When the life support system fails, and the heirs sue the company that made it, the doctor, the hospital, and the vendors of the components of the system, Xilinx can point to that paragraph and tell the jury "we tried to keep our customers from using our chips in life support systems." The jury may or may not find that paragraph to reduce Xilinx' liability.

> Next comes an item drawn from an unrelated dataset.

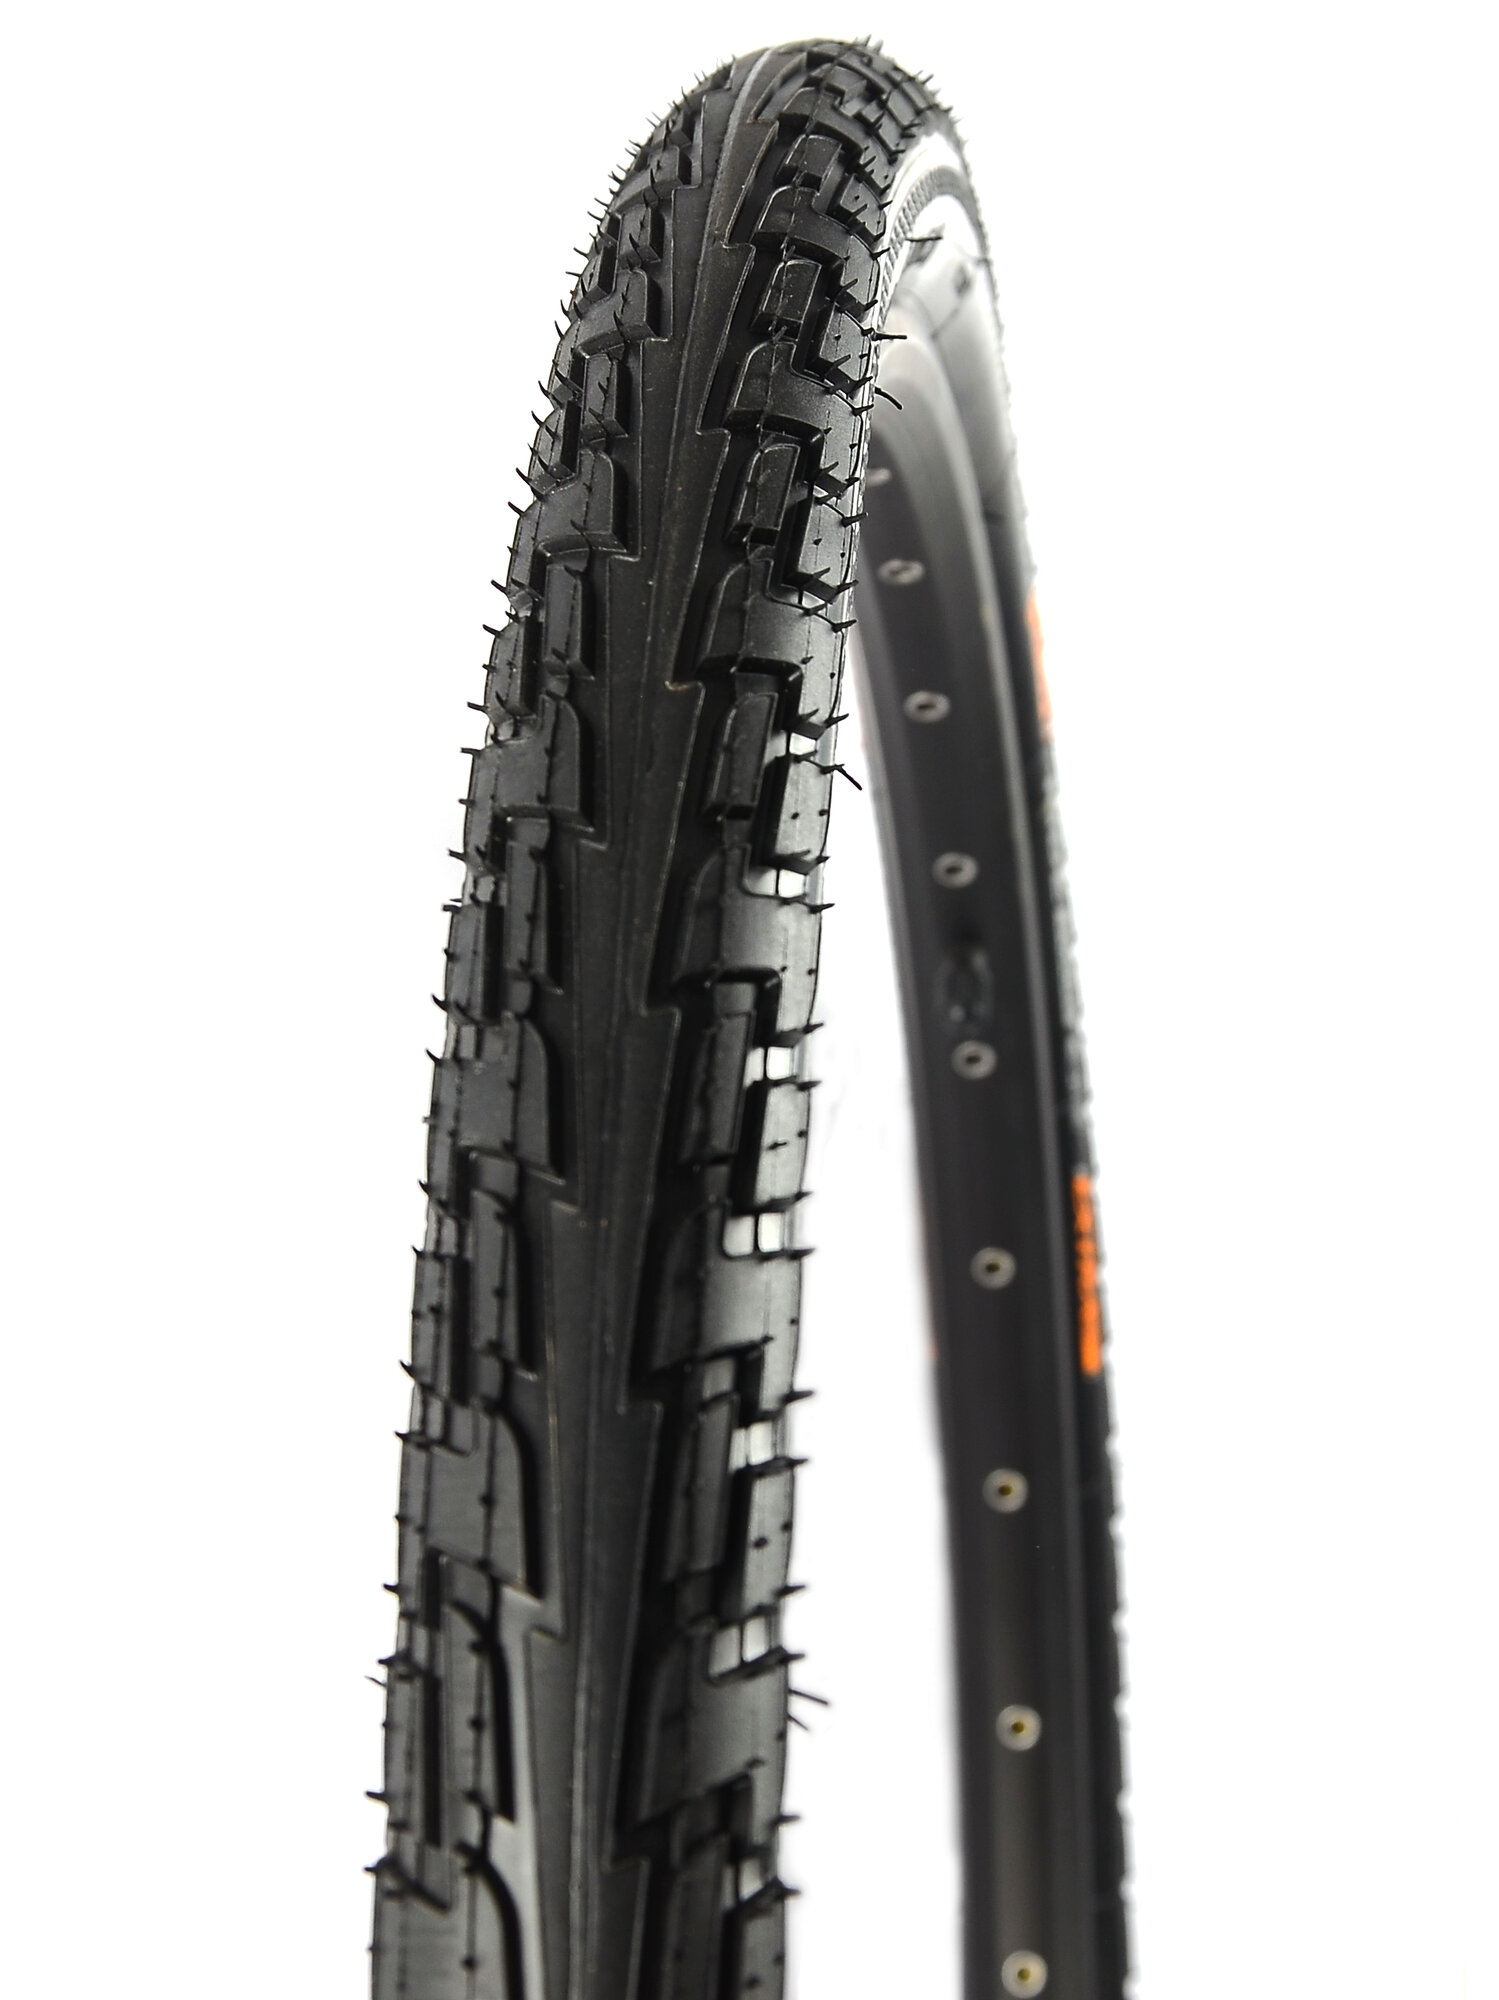 Покрышка для велосипеда Continental Ride Tour 26"x1.75 (47-559), MAX BAR 4, PSI 58, жесткий корд, антипрокольный слой, черная

Personally, were I on a jury, I'd give that paragraph very little weight. After all, the life support system has to be made out of

*something*. That said, however, if a particular component failed and resulted in harm to a person, I'd ask why the designer of the life support system hadn't designed the system to be fault tolerant without that component being a single point of failure.

Eric

Reply to
Eric Smith

Well, I don't see Xilinx trying to prevent customers from using their parts in life support systems. Instead, asking Xilinx for written consent would give Xilinx an opportunity to grant/withhold such consent, and to make conditions to be met before granting consent.

Wild guess: such conditions would include accepting help regarding reliability, hard/soft failure rates, coding standards, possibly design review, etc to ensure both Xilinx and the customer had done everything possible to make a safe product.

- Brian

Reply to
Brian Drummond

Technically, the code for FPGAs is not firmware. Firmware is usually described as computer instructions or computer data. VHDL and Verilog are hardware descriptions. Once upon a time, we created a schematic to describe the logic we wanted and now we use a text editor. Logic descriptions and computer instructions are different things - though I admit the boundary sometimes gets a little blurry.

Some teams at my company have developed FPGAs using a formal software development process. Though successful, the process matched our needs about as well as the process we use to develop circuit cards. FPGA development is a little bit of both worlds.

To address your problem, you may need to cover both worlds. Sorry.

Reply to
se

Is that the famous one about the X-ray machine that irradiated people with 100X dose?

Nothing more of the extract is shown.